Tutorial: How to Make your Own Compost

J. James

In Bloom
Five steps to turn organic waste to compost:

1. What is composting?


Composting is the biological decomposition of organic wastes by bacteria, fungi, worms and other organisms under controlled conditions where oxygen is available.

Decomposers are not much different than people in terms of their basic needs, so be sure to provide your microbes with all of the basics:
  • Food: Carbon and Nitrogen (Browns & Greens)
  • Water: Moist, not soggy
  • Air: Oxygen
  • Volume: 3' long x 3' high x 3' deep or 3-5 foot diameter by 3 feet high
  • Particle Size: Less than 2-3 inches
2. What can I compost?

Anything that was a plant. All plant materials contain nitrogen and carbon. Materials high in nitrogen are called "greens", e.g. grass clippings, manure, and kitchen scraps. Materials high in carbon are called "browns", e.g. leaves, sawdust, and wood chips. Before adding materials to the compost bin, chip or shred items so they are no more than 2-3 inches long.

3. Where do I compost?

Most people compost in a bin, which may be located in the shade or partial sun. A bin is not necessary but helps keep the materials contained and neat. Your bin can be cubed, approximately 3' x 3' x 3', or a 5' diameter hoop of hardware wire. Place equal volumes of greens and browns in the compost bin. You can layer the materials in the bin by alternating 3-4" layer of greens and 3-4" layer of browns. Or you may mix up greens and browns and place them in layers in the bin. Water the compost as you build the bin.

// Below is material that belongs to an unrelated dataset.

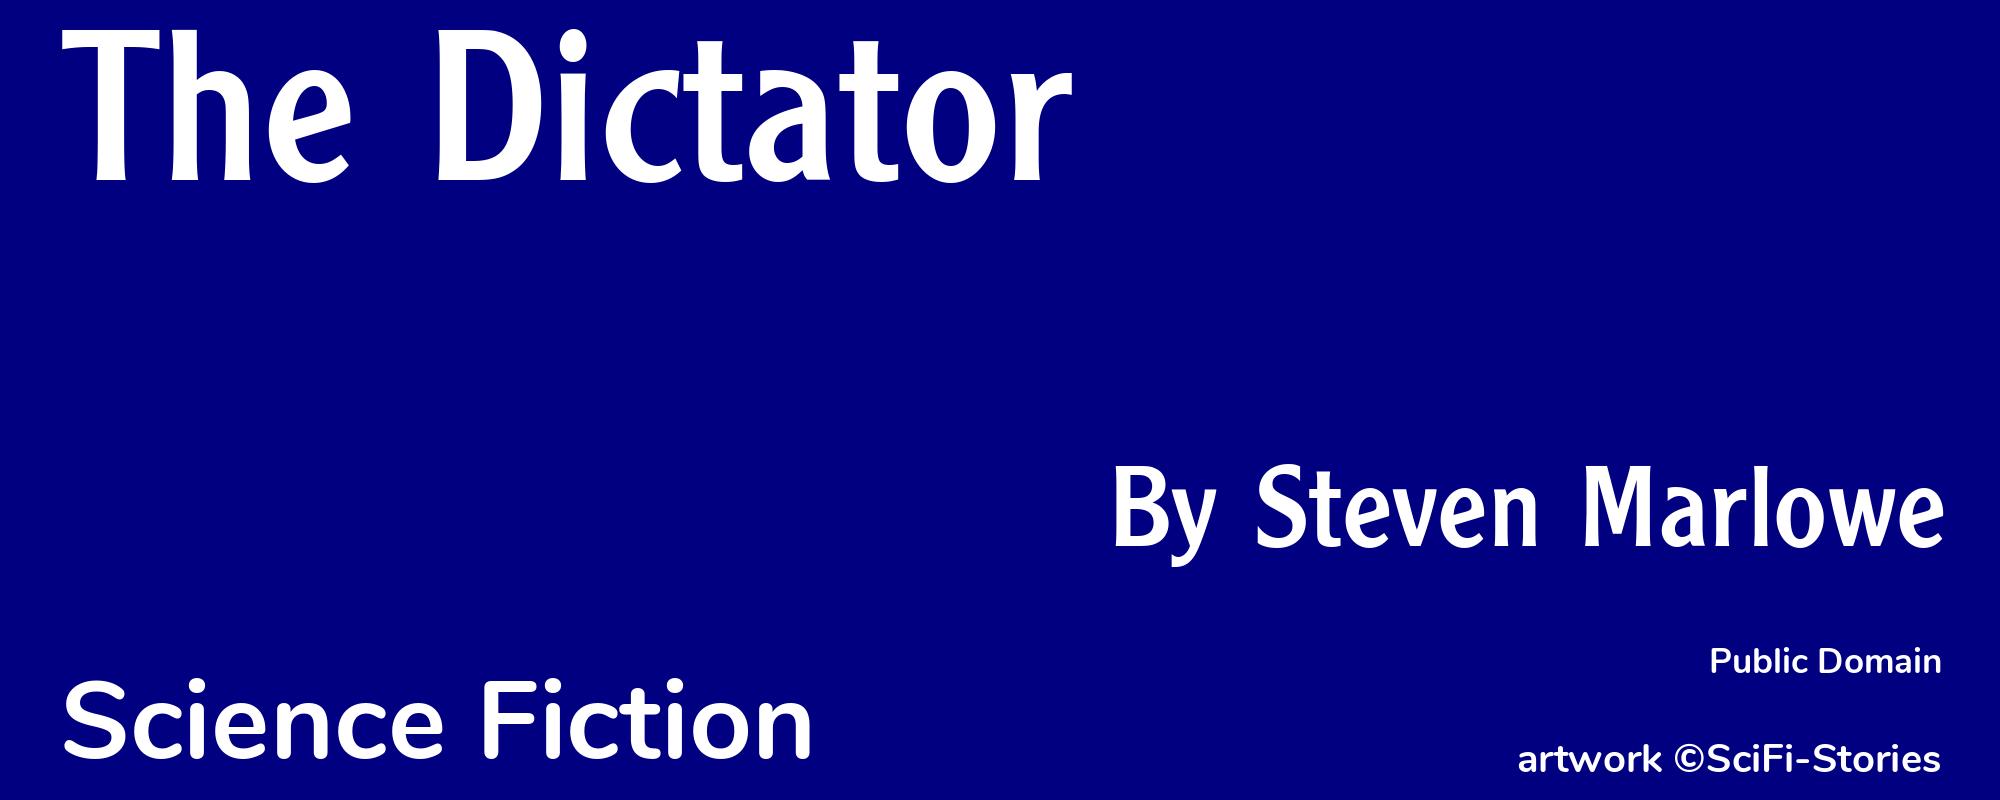 The Dictator - Cover
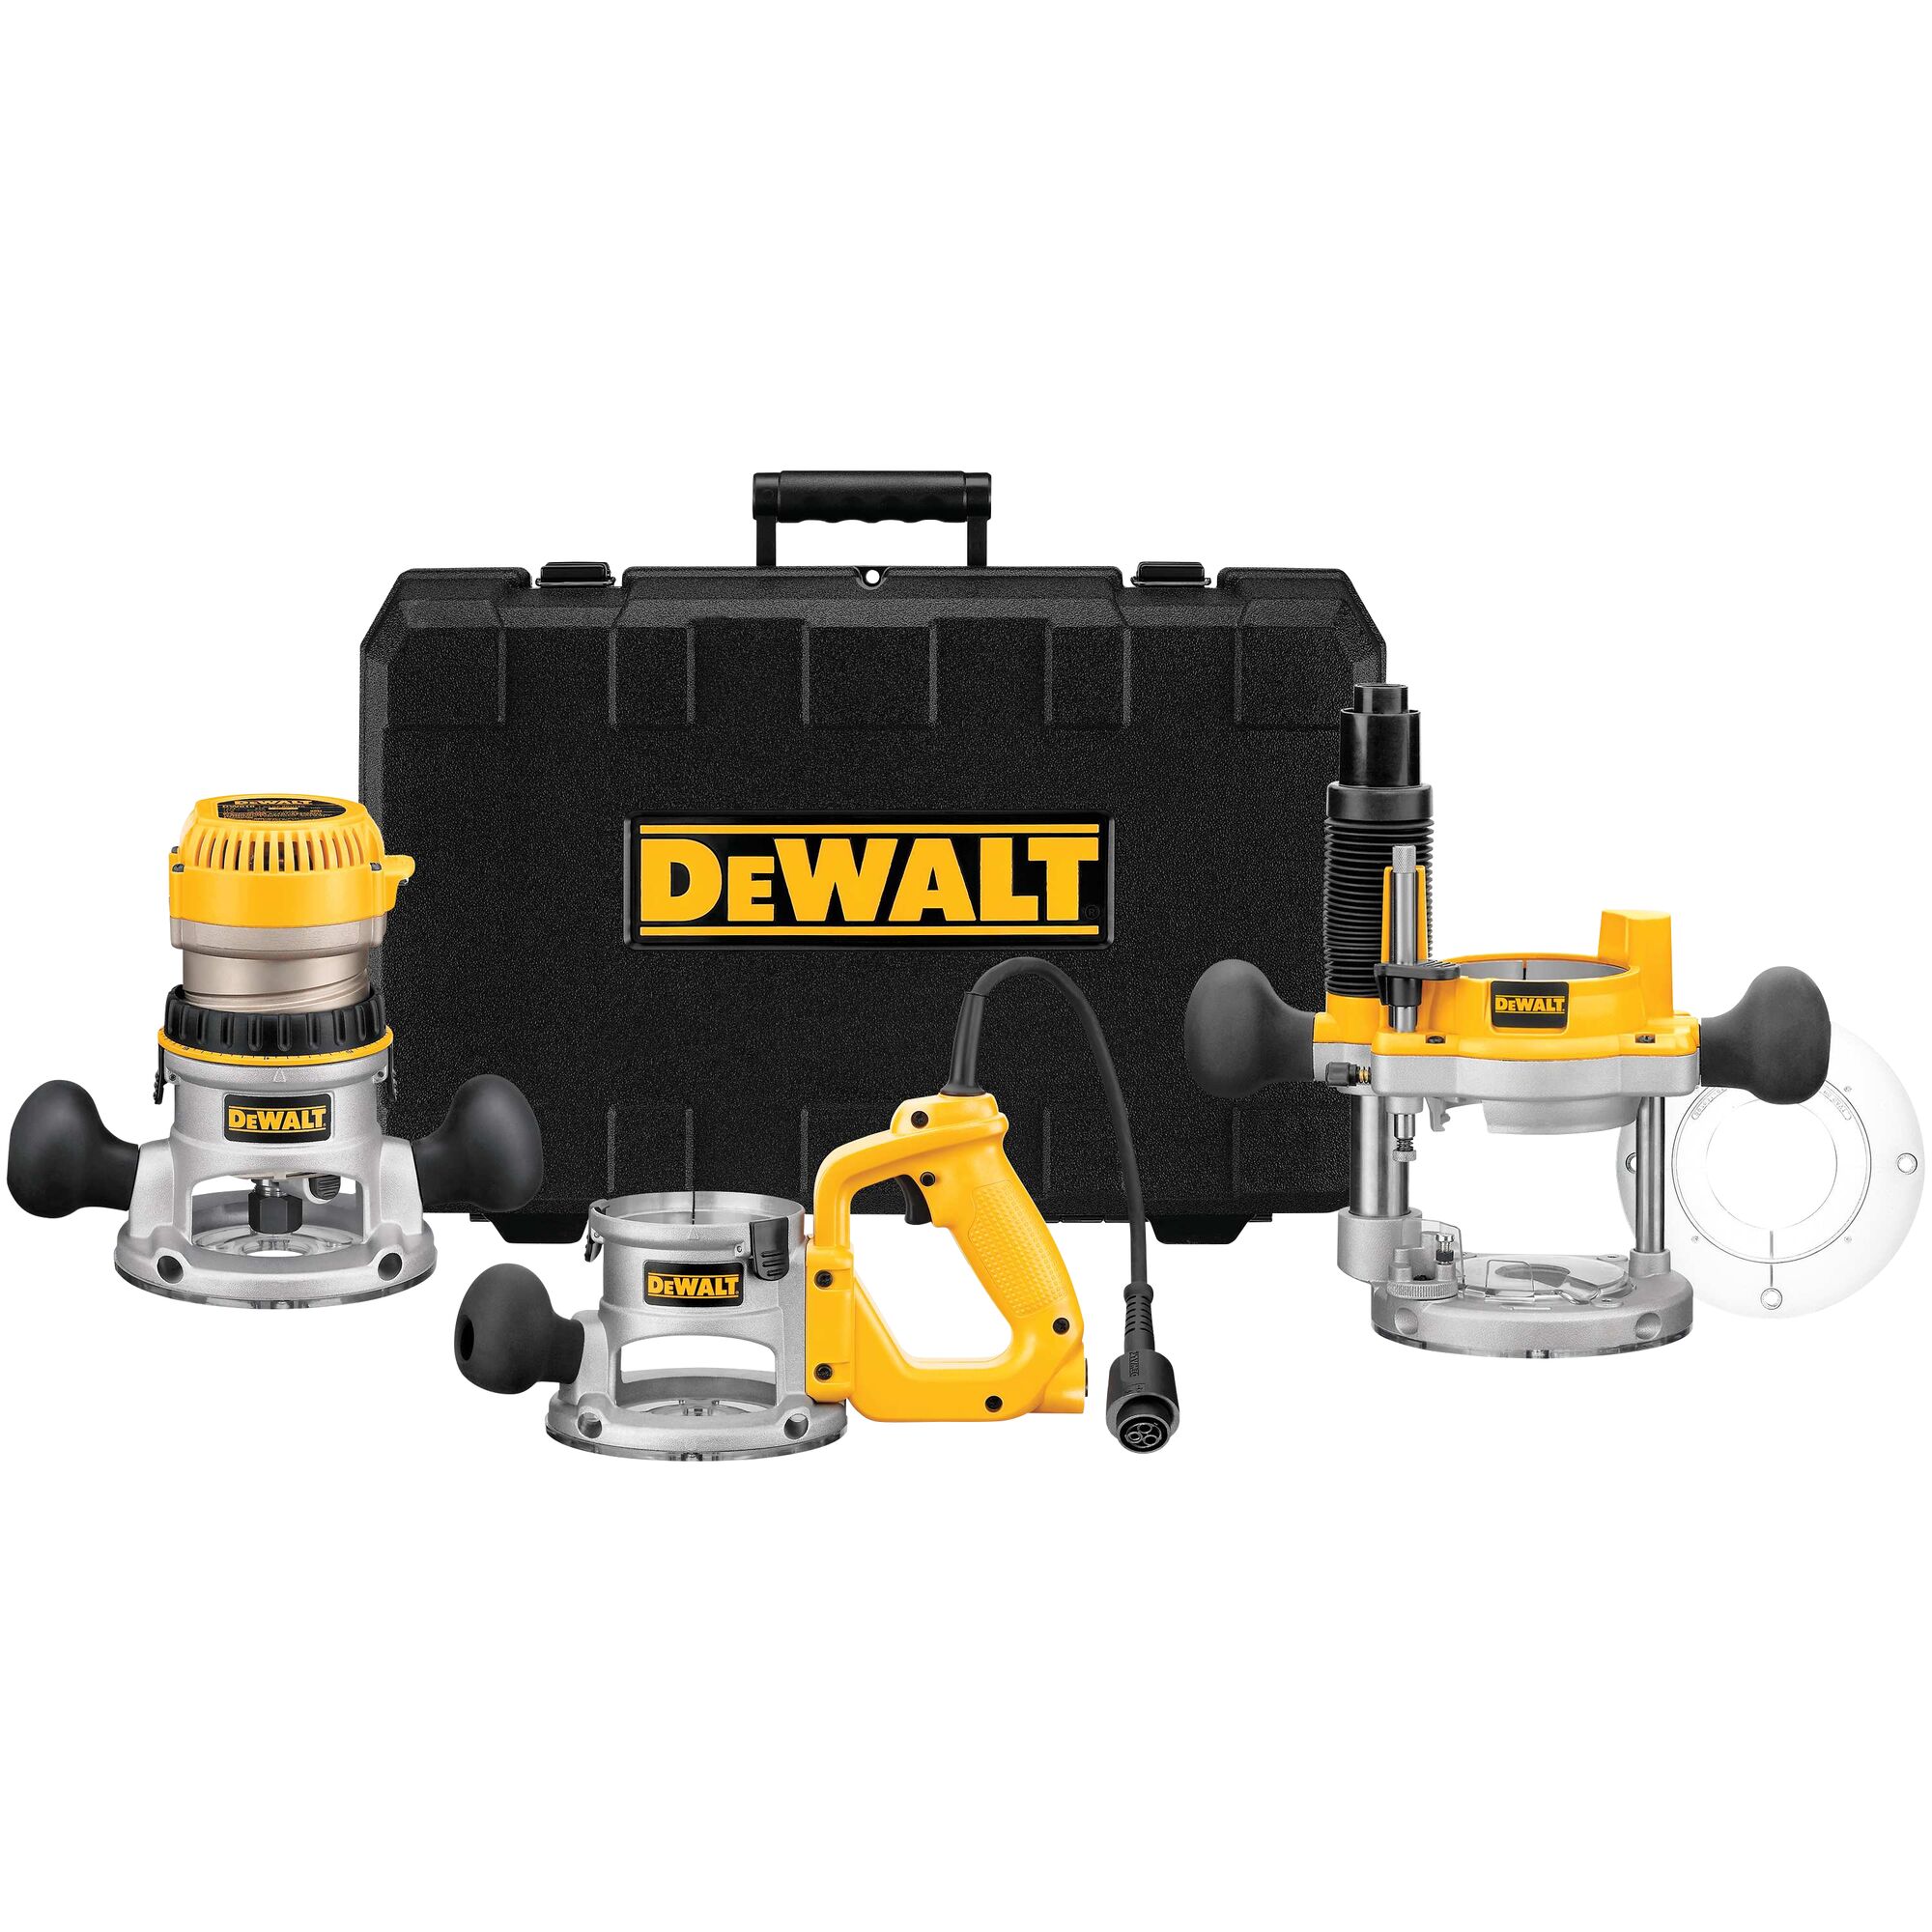 DEWALT DEWALT DW618PKB 2-1/4 HP EVS Fixed Base/Plunge Router Combo Kit with  Soft Start with DW6913 Router Edge Guide with Fine Adjustment and Vacuu

4. After I build the compost pile, then what?

The compost may heat up due to biological activity and will certainly settle as the materials decompose. To speed up the process turn the compost bin periodically. Turning means taking everything out of the bin and then putting it back. Try to move the materials from the outer sides to the center.

You may add more materials at any time. Bury food wastes in the center of the pile or cover with brown materials such as leaves. You can also start a new bin for handling additional materials.

5. When is compost ready to use?

The compost is finished composting and ready to use when it has a uniform look (like soil), dark color, small particle size, and "earthy" odor. Most of the materials you put in will no longer be recognizable. Use finished compost as a mulch, soil amendment, or potting soil.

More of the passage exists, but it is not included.